I enjoy cooking. I find it creative and practical, and I’m not bad it it. I used to joke that I wanted Anthony Bourdain’s job. Now I guess that’s more of a possibility.

His death Friday from apparent suicide hit me. He was my age. I have the usual thoughts and questions:

  • He had such a cool job
  • He had a girlfriend and a young daughter
  • He traveled all the world, talked to people, ate with them, got paid for it
  • He kicked heroin

What the hell?

As a survivor of someone who committed suicide, over the past year I’ve reached out to friends, family, strangers, professionals and colleagues. I sought comfort, peace and reconnection. With important exceptions what I encountered disappointed me. Our get-ahead go-ahead society turns our thoughts, feelings, need for intimacy, friends and acquaintances into commodities to be bought, sold and easily discarded. (And thanks for capitalizing on that Facebook.) Most people I tried to connect with did not have time or patience for the grief, loss, nagging thoughts and memories I experienced and am still experiencing. You may have spent a week with someone or a lifetime, known them casually or intimately, said hello at the office or woke up in the same bed, who was enmeshed in so much pain, confusion and despair in their head (or body) that they decided to leave this world. As you struggle to comprehend, to move on, people you’ve known for years throw a few clichés at you. They tell you to see a therapist, ask if you’re on meds, and are gone. No time for conversation, tears, laughter or reminiscences or even a meal together. And sure as hell not serious questions.

I don’t know why Anthony Bourdain killed himself. We’ve created a world that pushes our buttons and makes us constantly doubt and feel afraid and anxious about whether we fit in and at the same time makes us feel isolated. That requires us to do crazy things and pretend to like it. Then, when we act out and feel bad, we sell ourselves services and products and meds and therapy. Nice little business you got going on there. Be a shame if anything happened to it.

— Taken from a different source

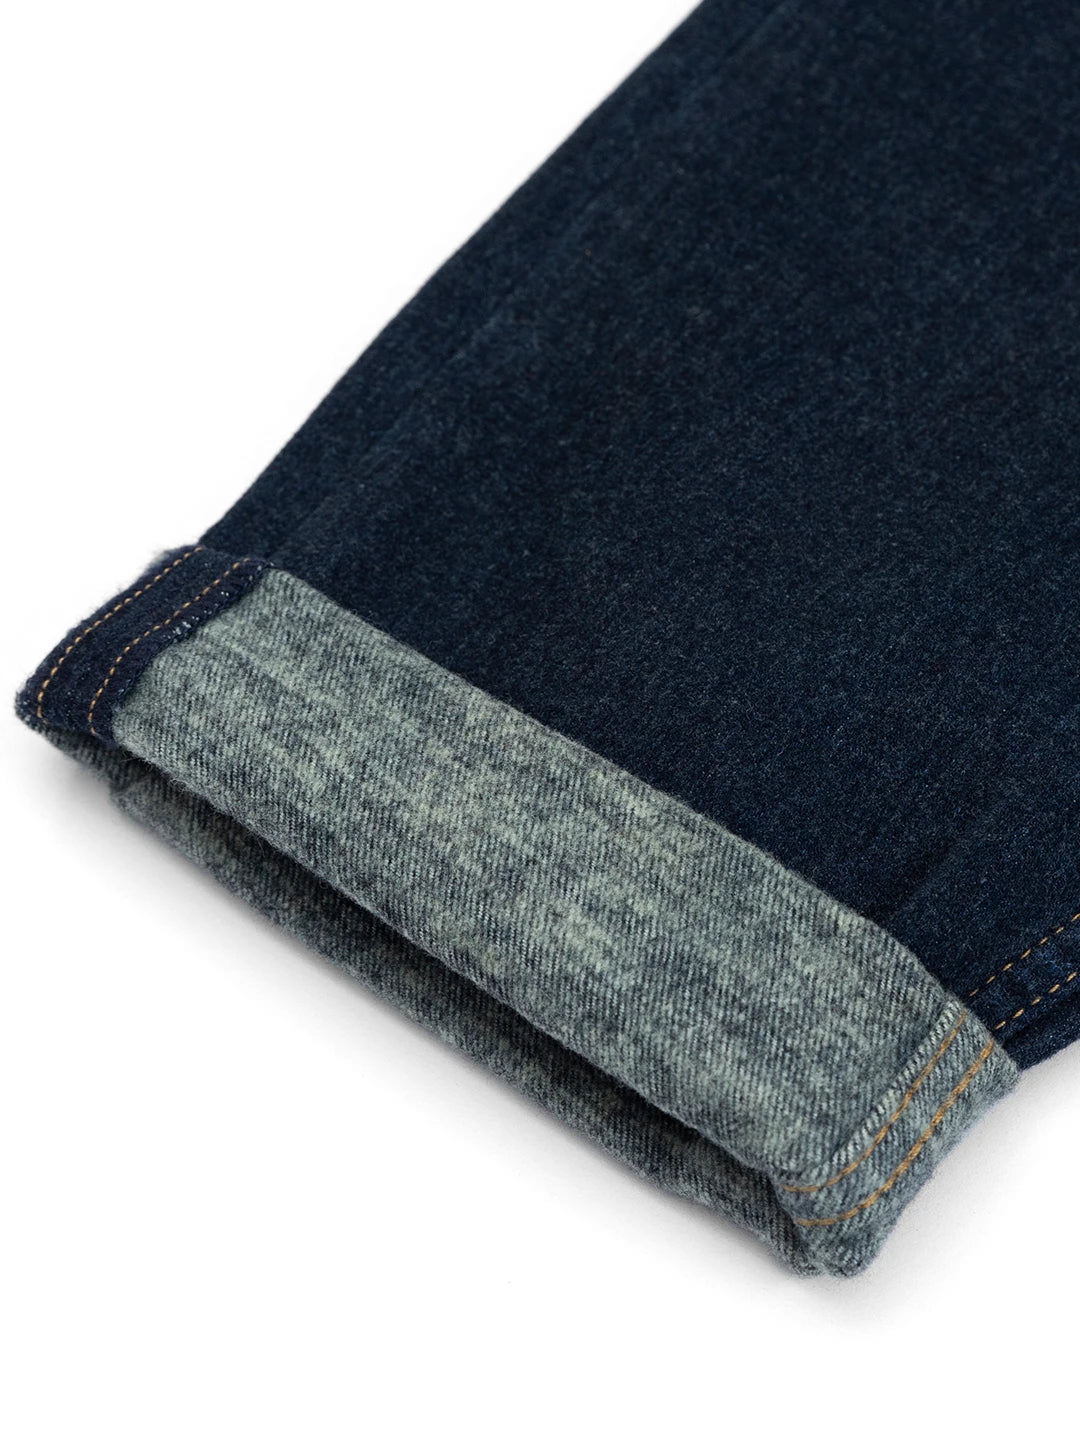 SIMWOOD New Men's Fleece Ankle-Length Jeans - Trend Zone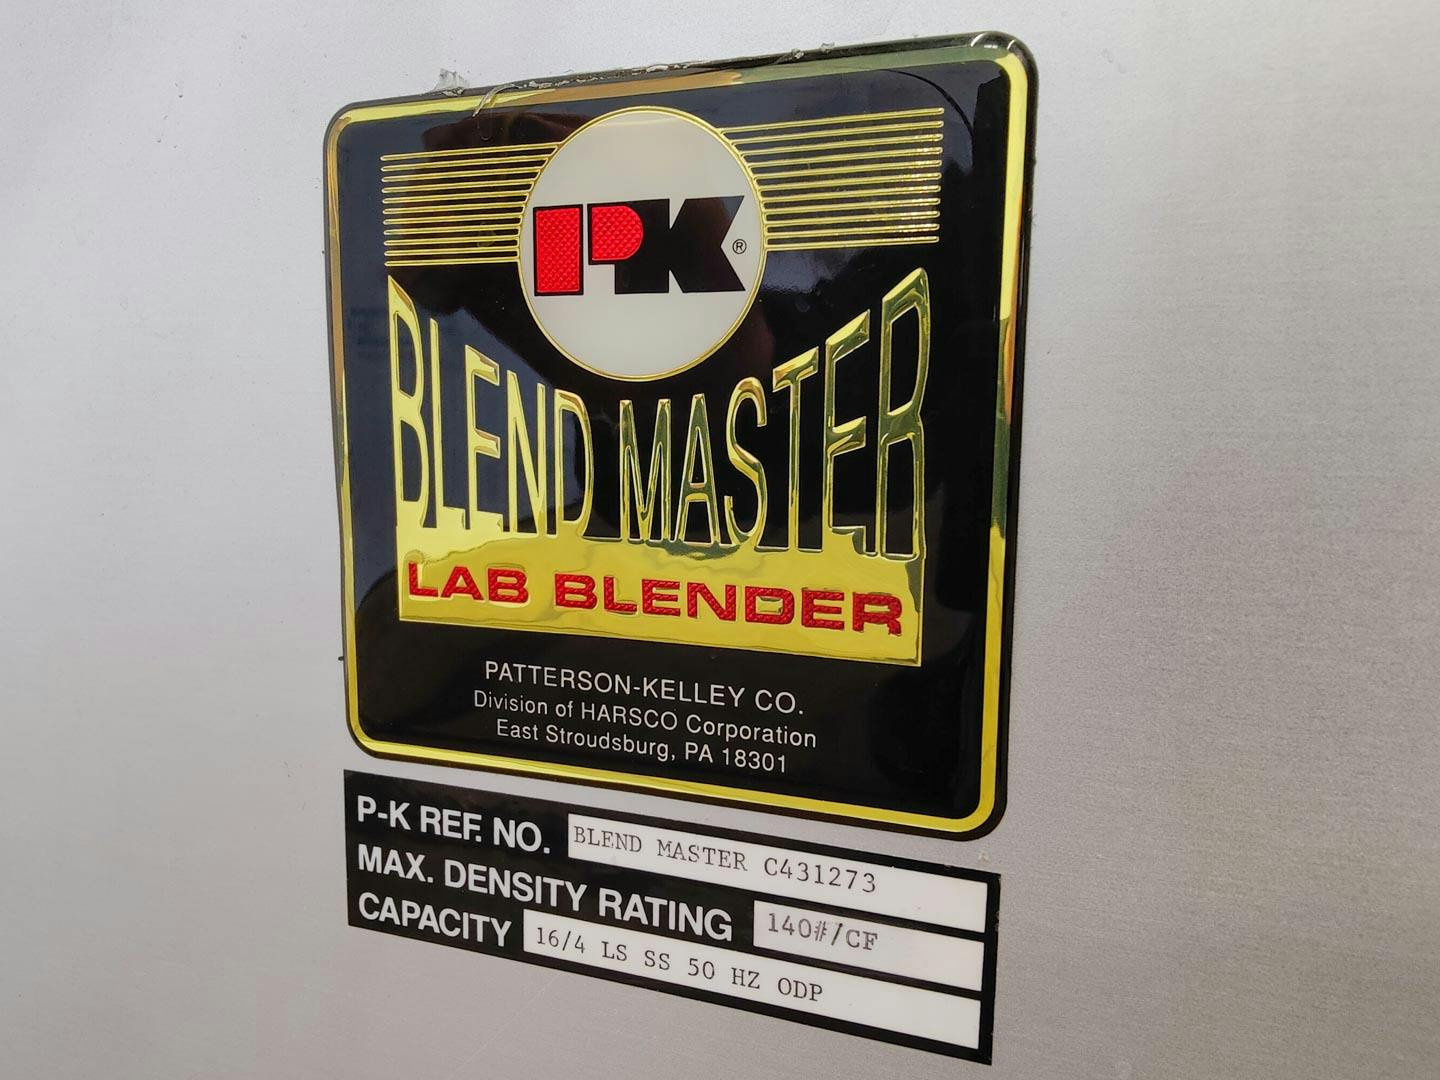 Patterson-kelly Blend Master - Tumbler mixer - image 11

I was told that people often don’t know what to say. Certainly this life (and death) can leave us at a loss for words. But people know what to say about plenty of other things, like politics or their sex lives (or other people’s sex lives if they don’t have one). My expectations are not high. Maybe I’m idealizing here (Thank you Big Chill), but give it a shot. Knock on the door of someone who’s experienced a loss like I and millions of others have. Take five minutes to give them a call. Invite them them to lunch or to take a walk or have a beer, or take a bicycle ride. And for the sake of whatever belief system you have, mention the name of the person they lost instead of pretending they never existed. Even if you’re afraid it might upset them (um, what, more?). Grow an anatomically-correct pair of ovaries or testicles. Or a heart. Dare to be brave. Don’t make them do all the work themselves in isolation, which helped create the mess we’re in in the first place.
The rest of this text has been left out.